EXERCISE GOAL
The material below should be copied line for line, please, with pictures omitted.

DATASET EXCERPT
+-------+
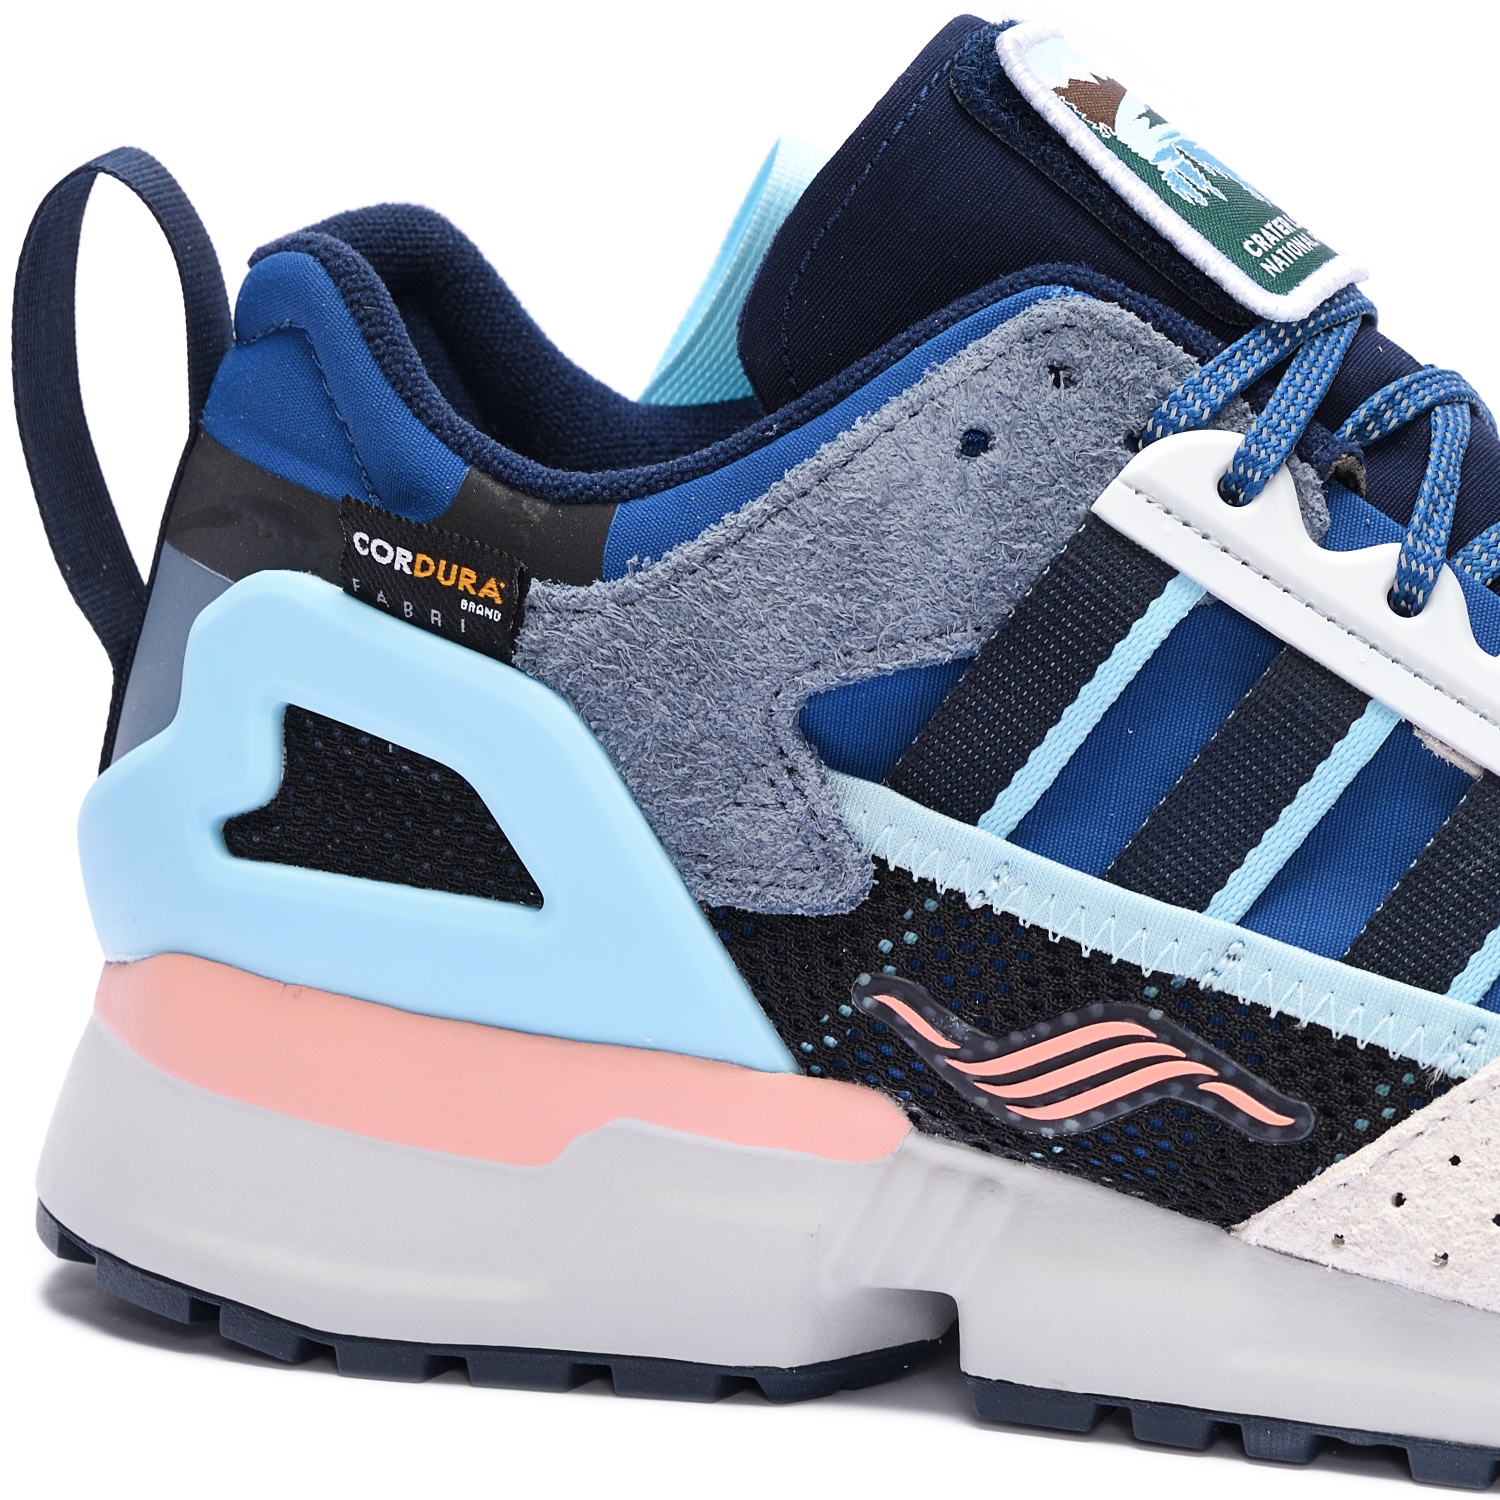 adidas x National Park Foundation ZX 10000C - Crater Lake National Park
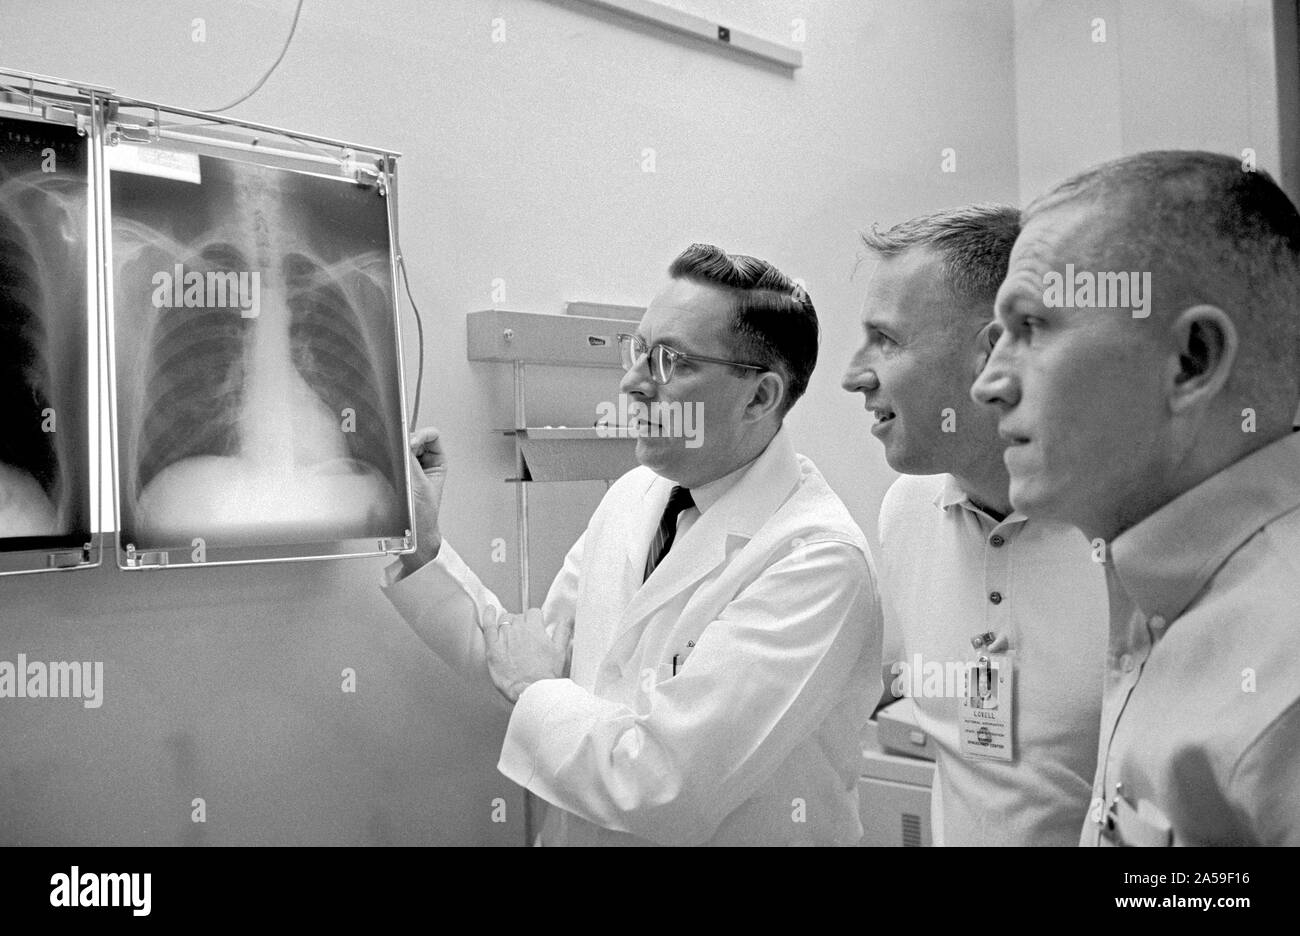 (2 Dec. 1965) --- Dr. Charles A. Berry (left), chief of the Manned Spacecraft Center (MSC) Medical Programs, and astronauts James A. Lovell Jr. (center), Gemini-7 pilot, and Frank Borman, Gemini-7 command pilot, examine a series of chest x-rays taken during the preflight physical. Stock Photo
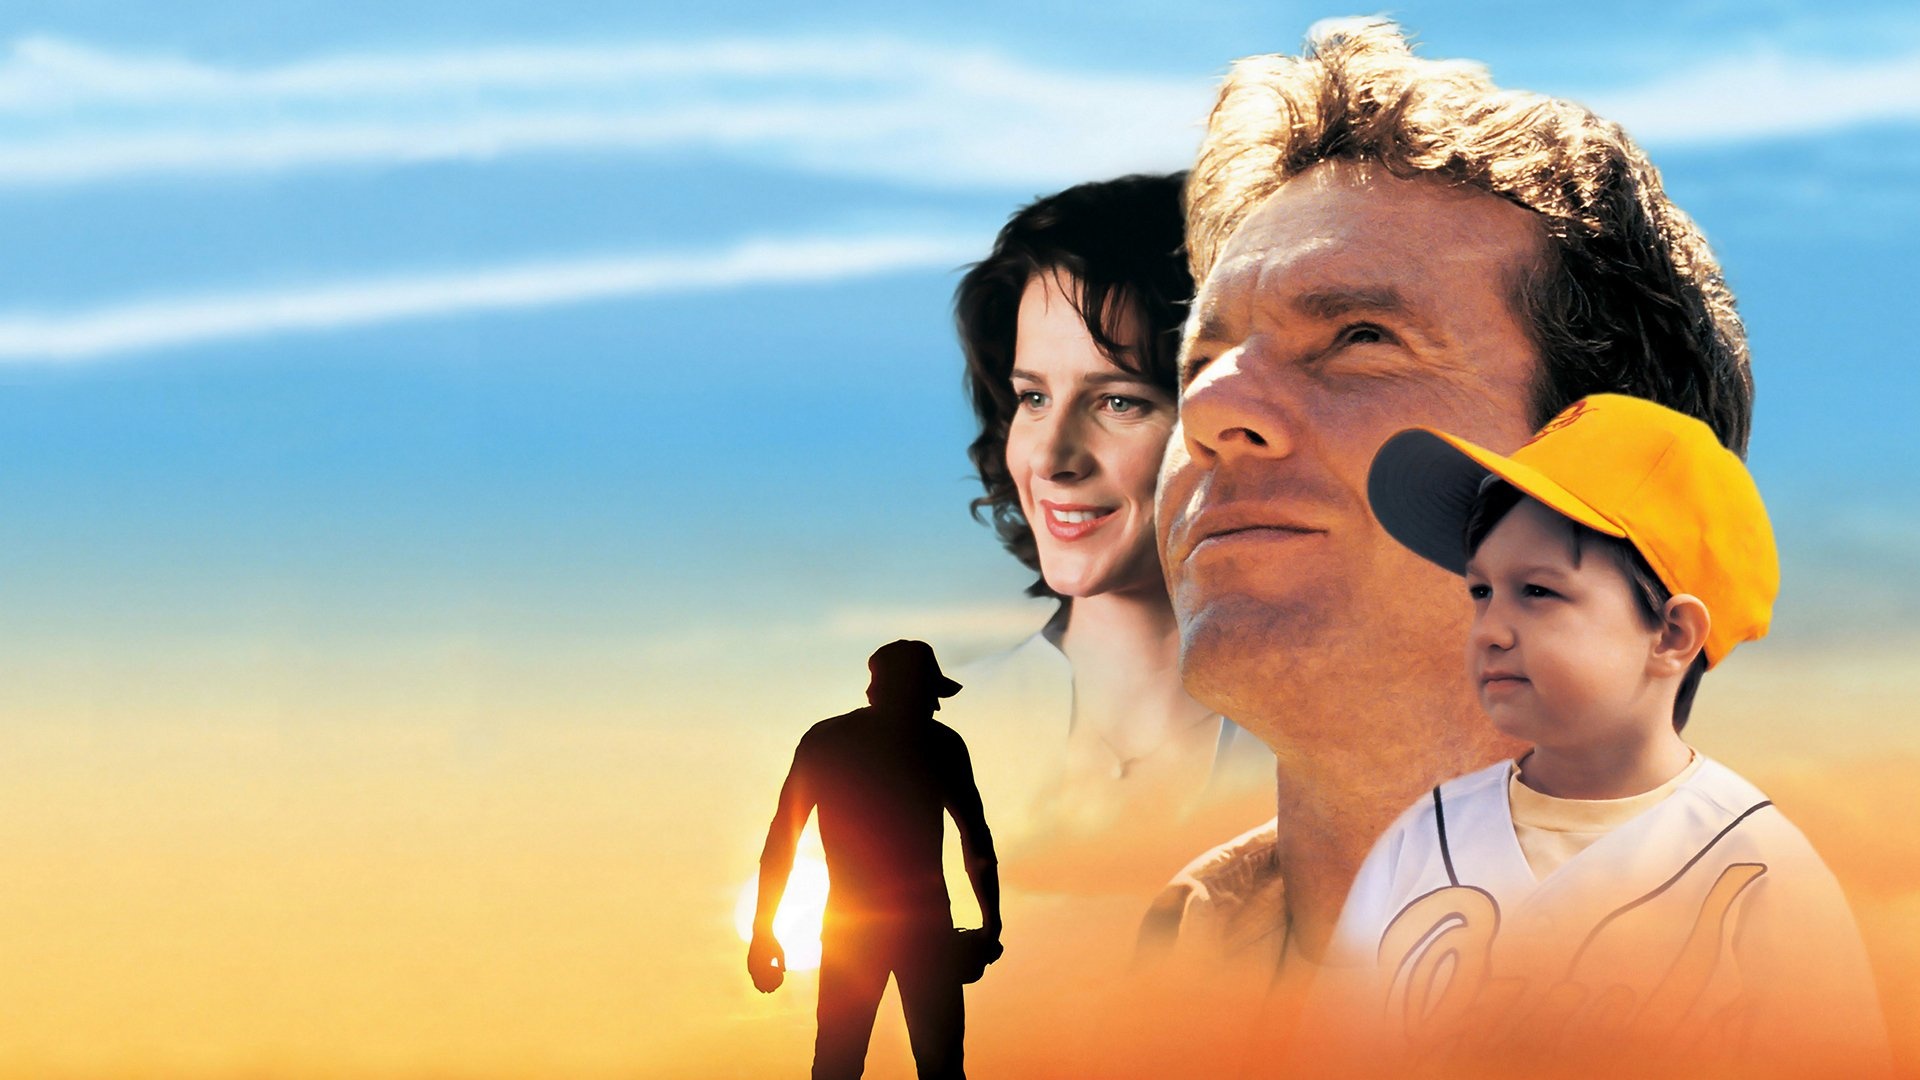 The Rookie 2002, HD Wallpapers, Background images, Dennis Quaid, 1920x1080 Full HD Desktop
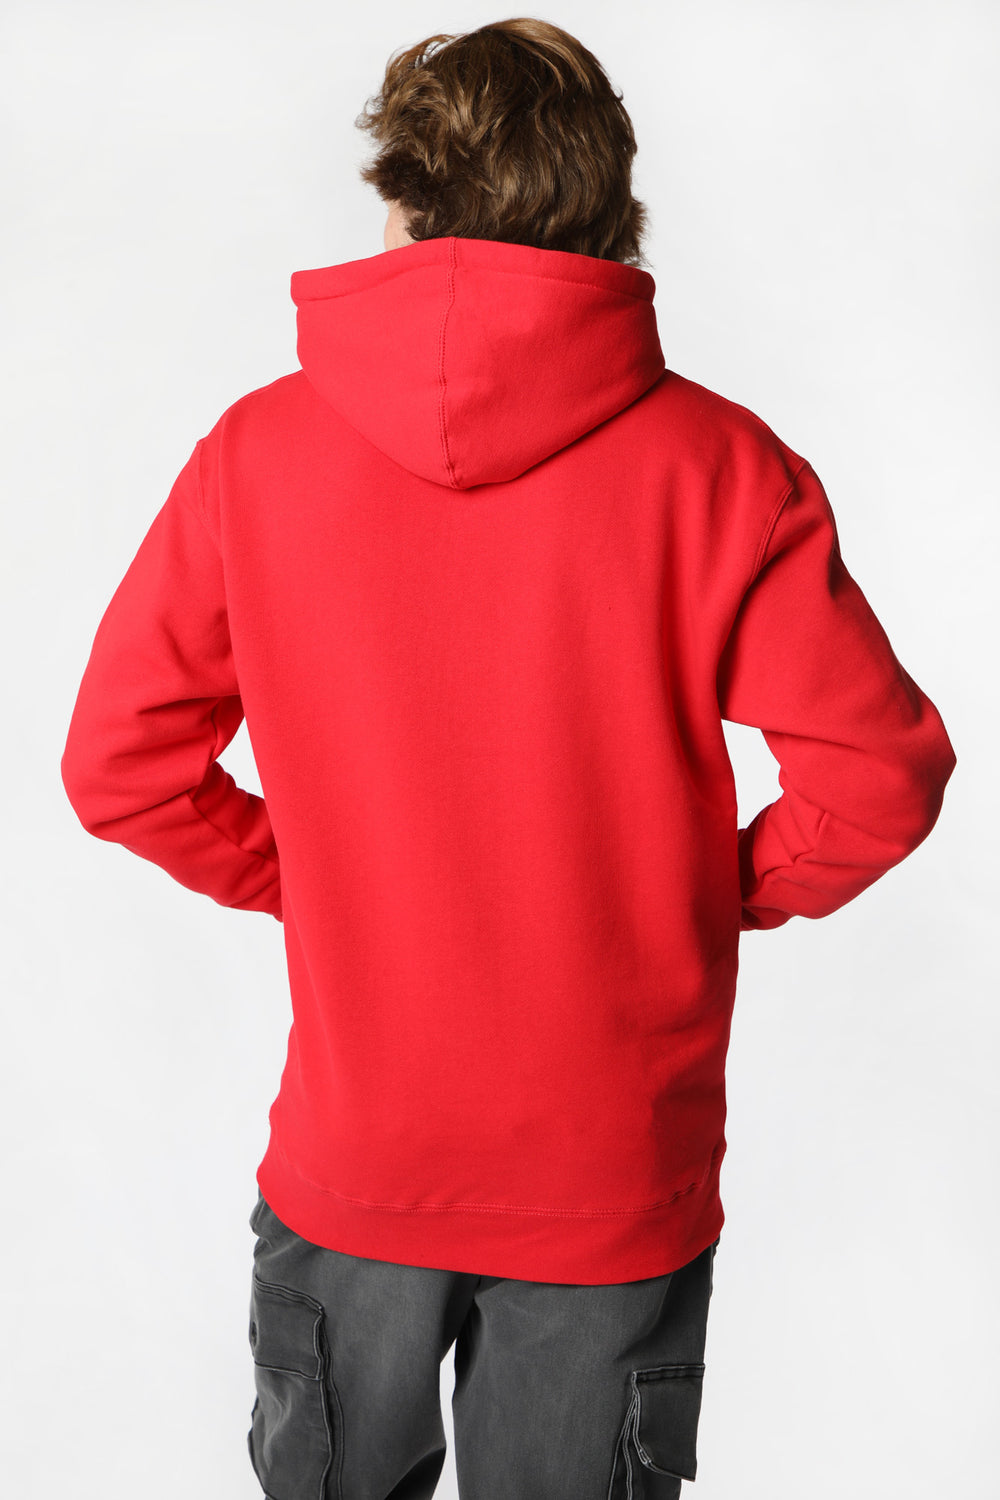 Independent Bar Logo Hoodie Red
+-------+
SOLUTION FOR THIS EXERCISE
 adidas x National Park Foundation ZX 10000C - Crater Lake National Park
 (2 Dec. 1965) --- Dr. Charles A. Berry (left), chief of the Manned Spacecraft Center (MSC) Medical Programs, and astronauts James A. Lovell Jr. (center), Gemini-7 pilot, and Frank Borman, Gemini-7 command pilot, examine a series of chest x-rays taken during the preflight physical. Stock Photo
 The Rookie 2002, HD Wallpapers, Background images, Dennis Quaid, 1920x1080 Full HD Desktop
 Independent Bar Logo Hoodie Red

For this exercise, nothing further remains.